--- Provided material ---
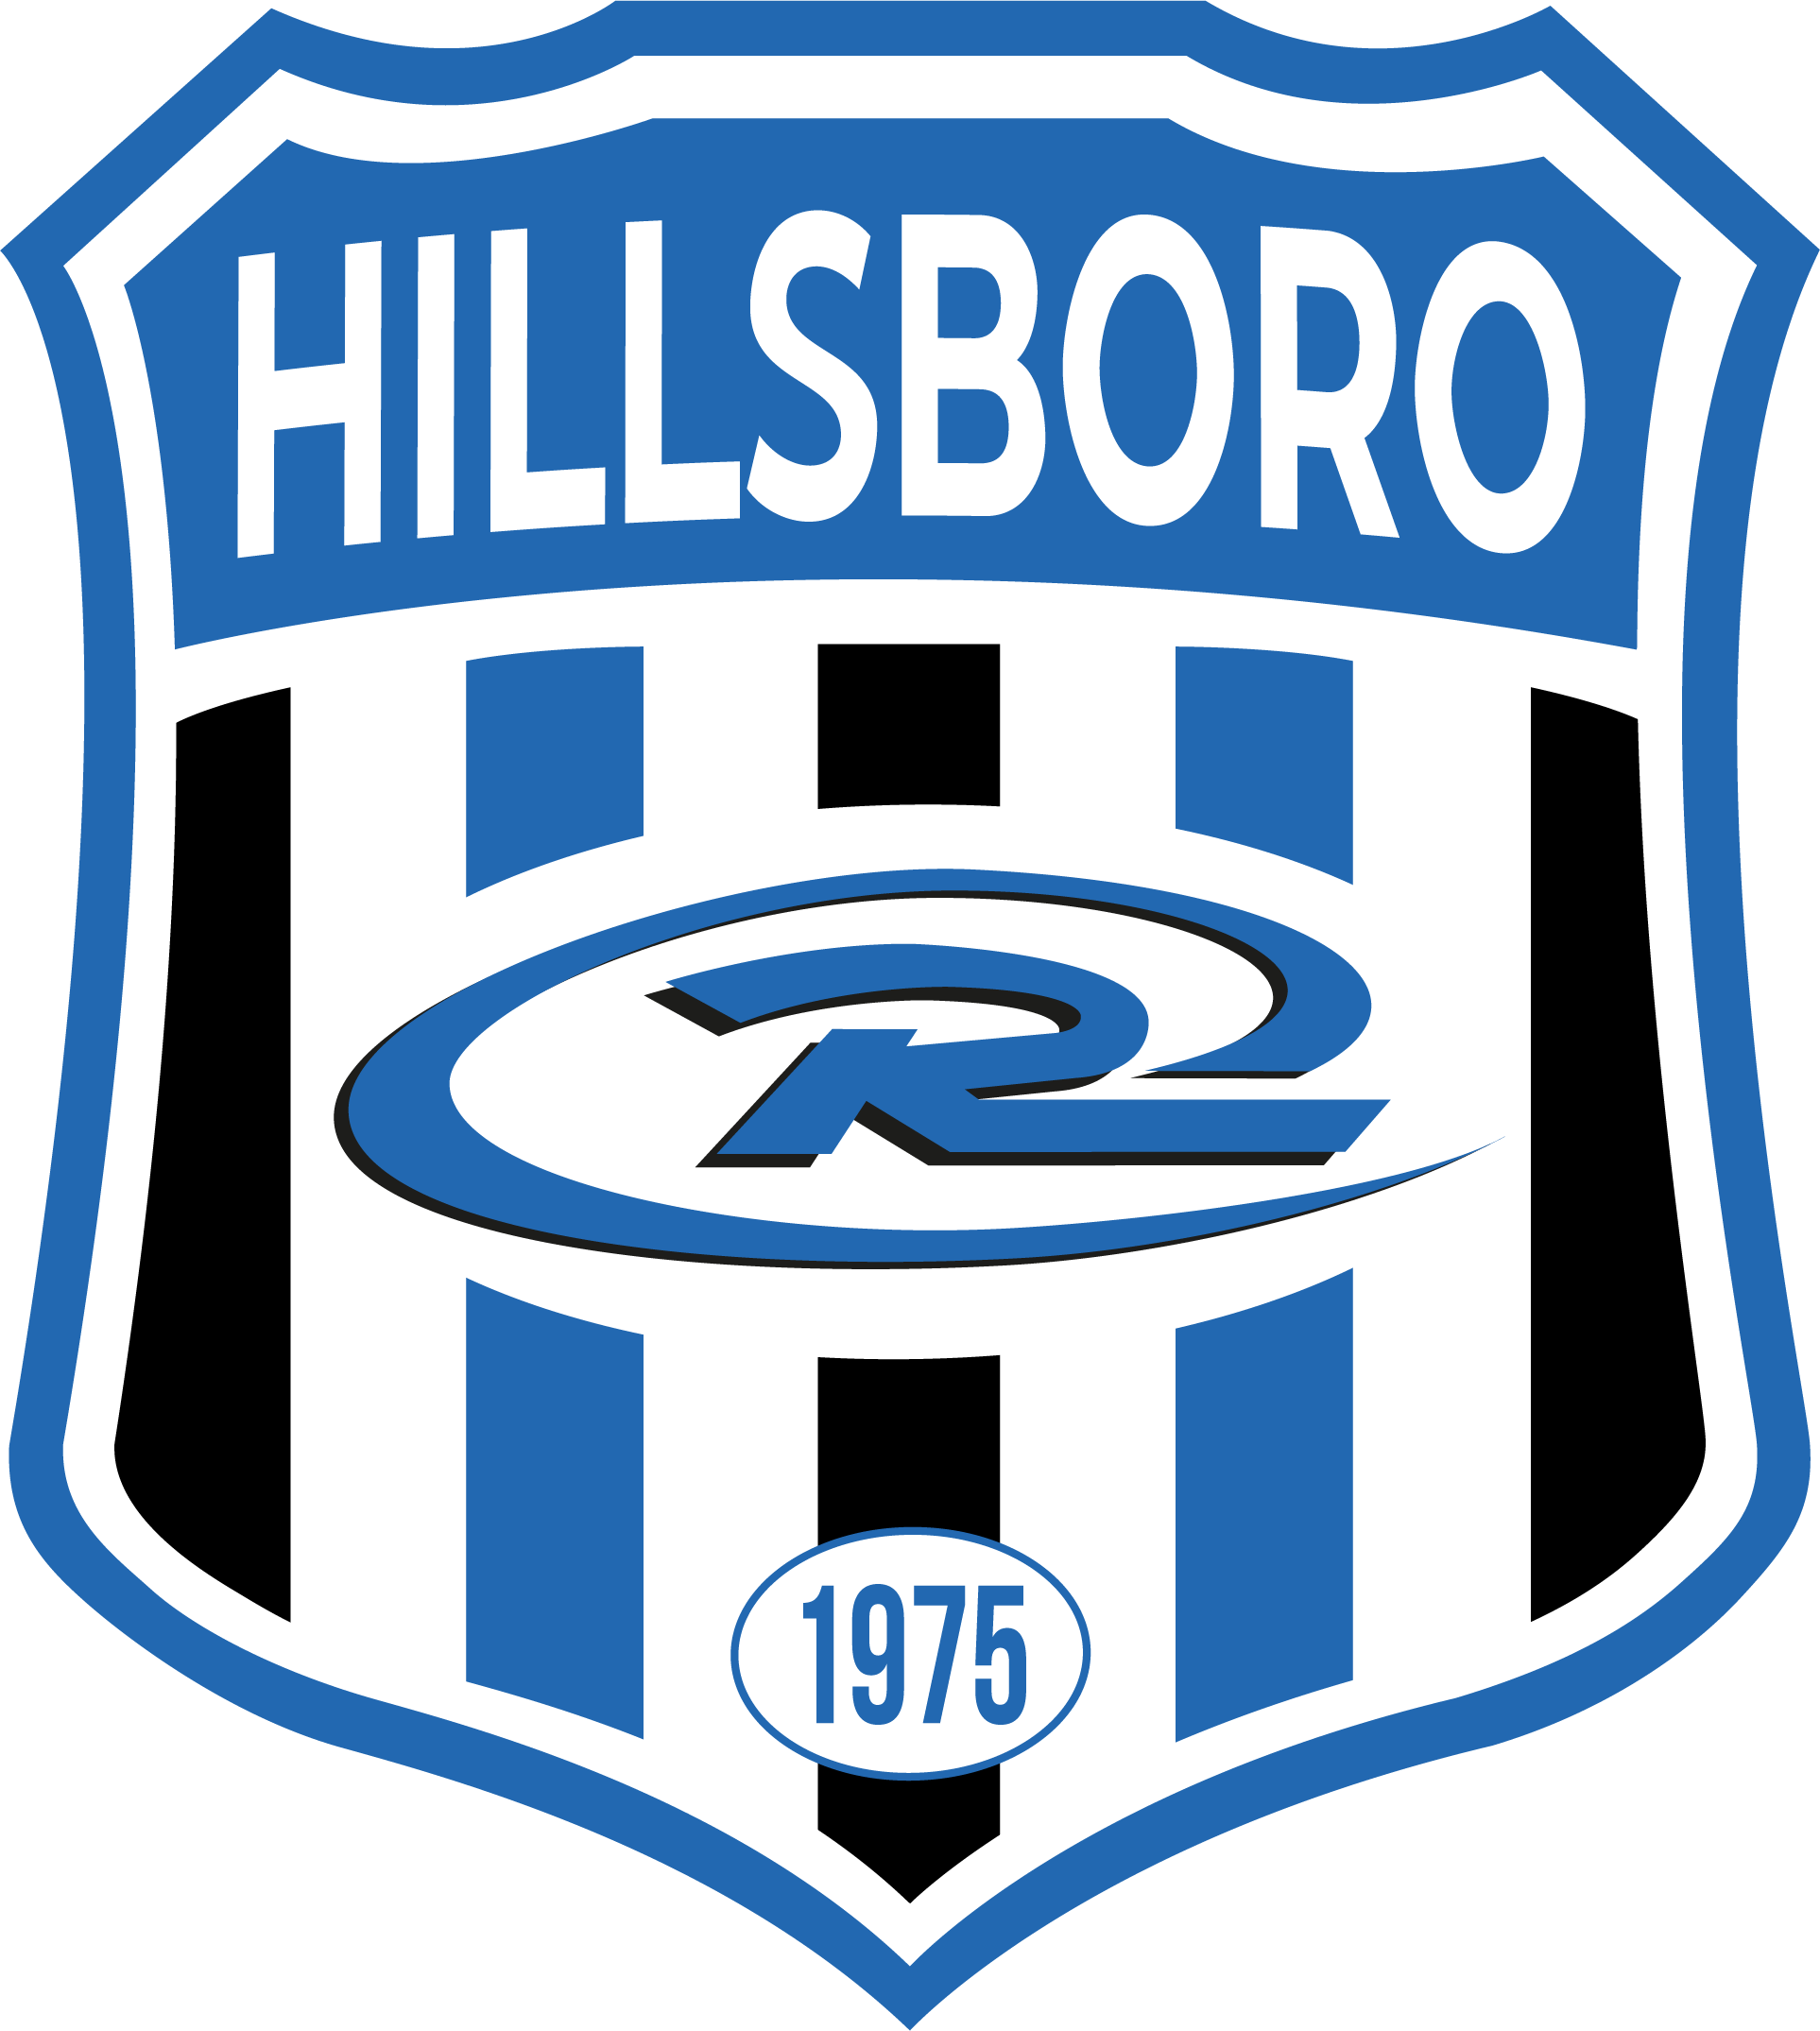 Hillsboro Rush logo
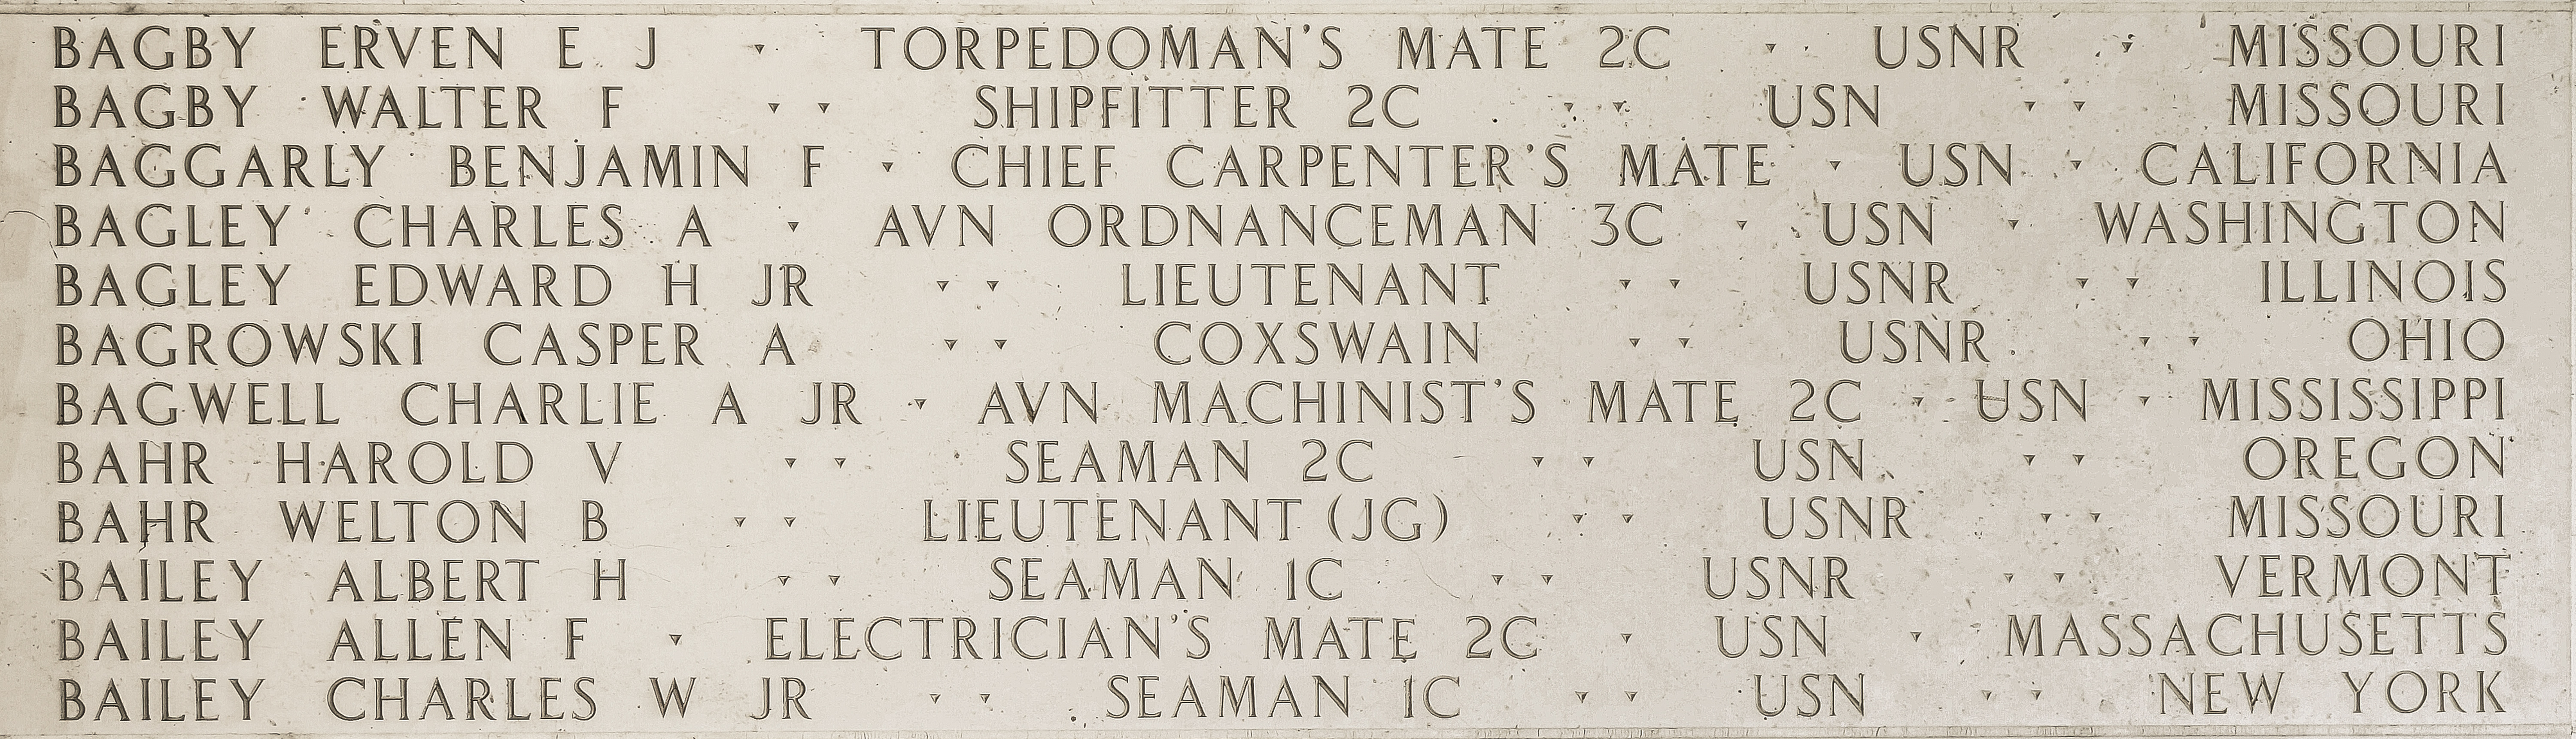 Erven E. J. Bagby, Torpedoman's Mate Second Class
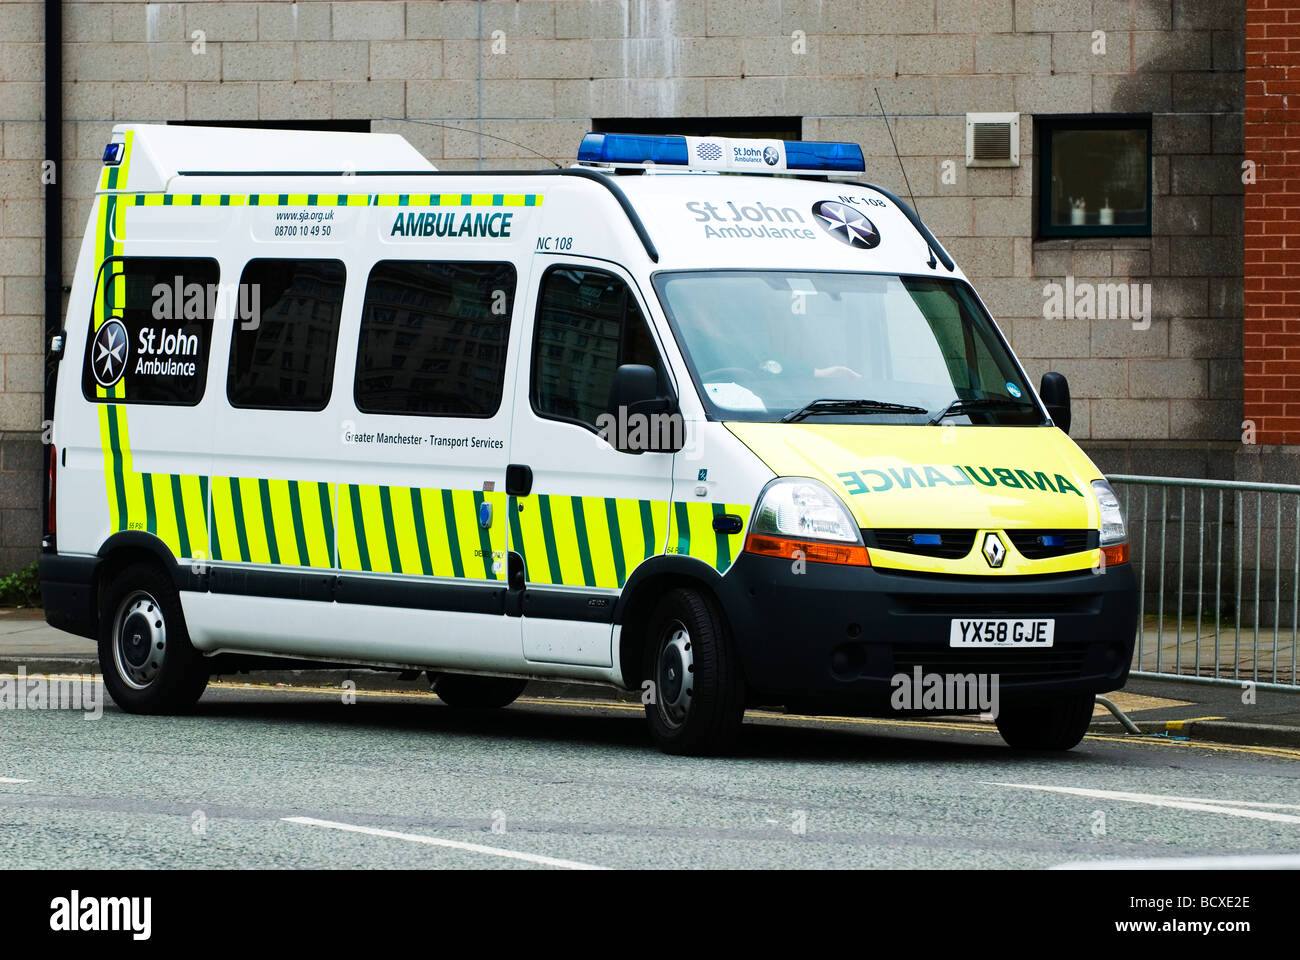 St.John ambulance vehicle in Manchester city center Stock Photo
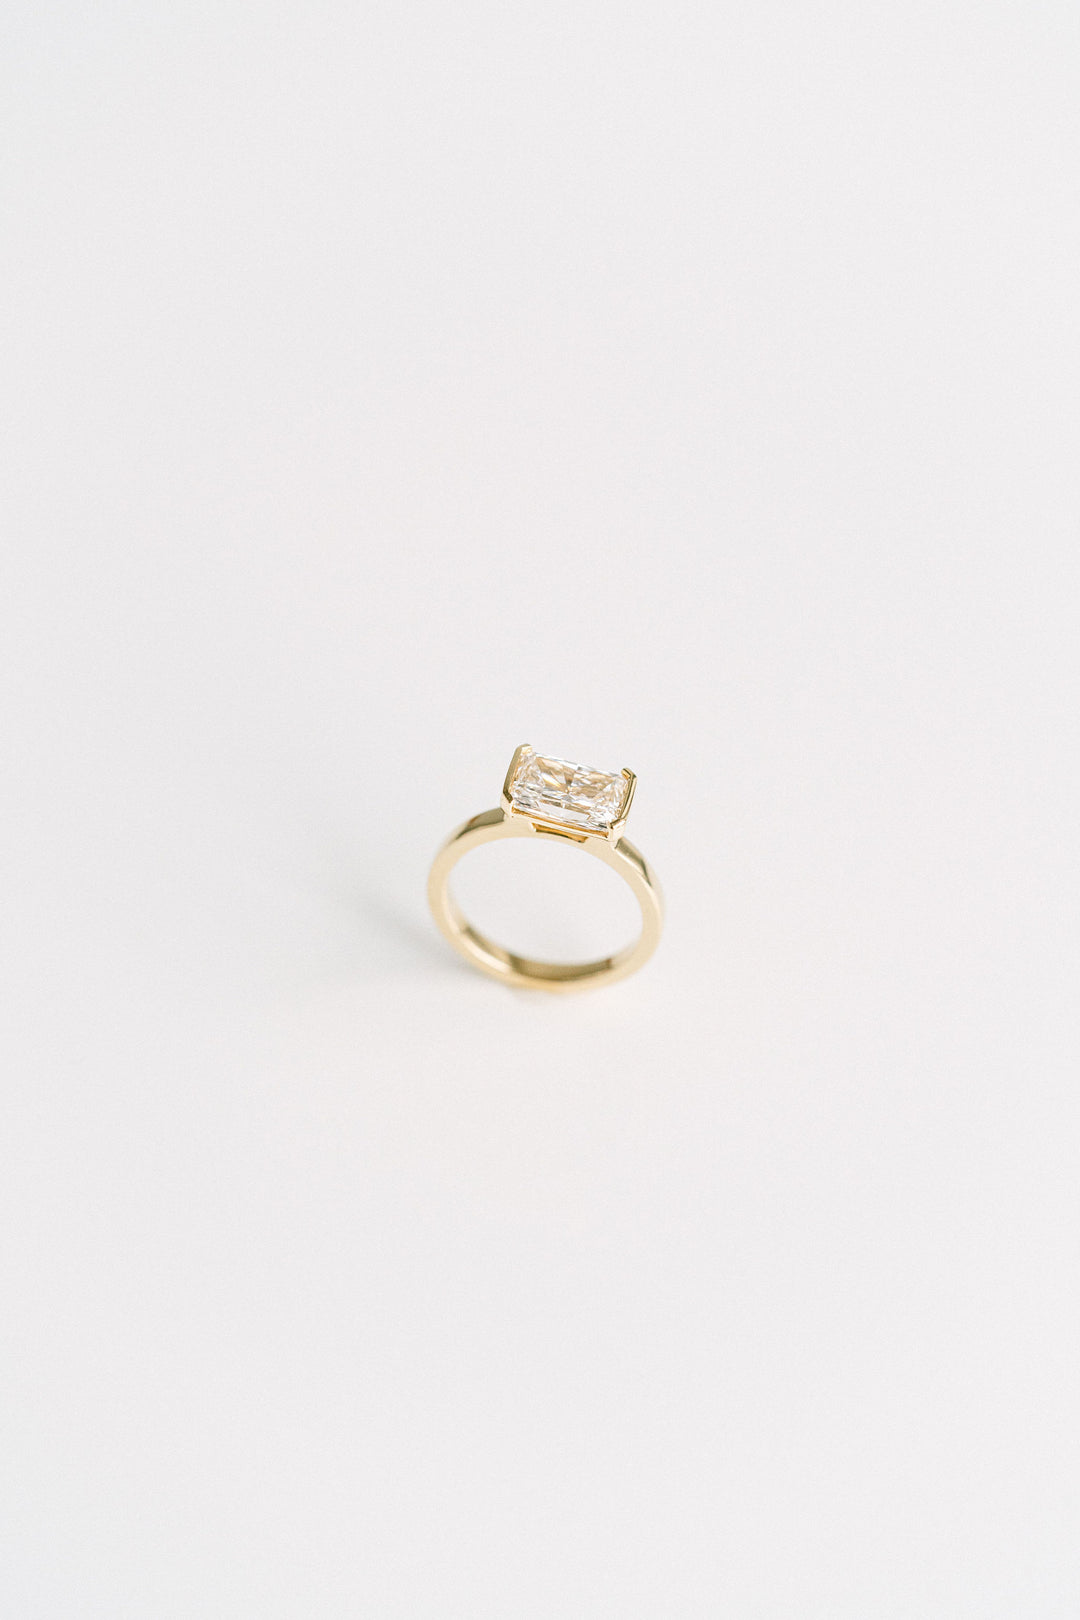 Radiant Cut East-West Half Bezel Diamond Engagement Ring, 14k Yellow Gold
---
__The problem__:
Everything from the line containing "Erven E. J." through the end of the data should be printed exactly, line for line, except the pictures.

__Exercise result__:
 Erven E. J. Bagby, Torpedoman's Mate Second Class
 St.John ambulance vehicle in Manchester city center Stock Photo
 Radiant Cut East-West Half Bezel Diamond Engagement Ring, 14k Yellow Gold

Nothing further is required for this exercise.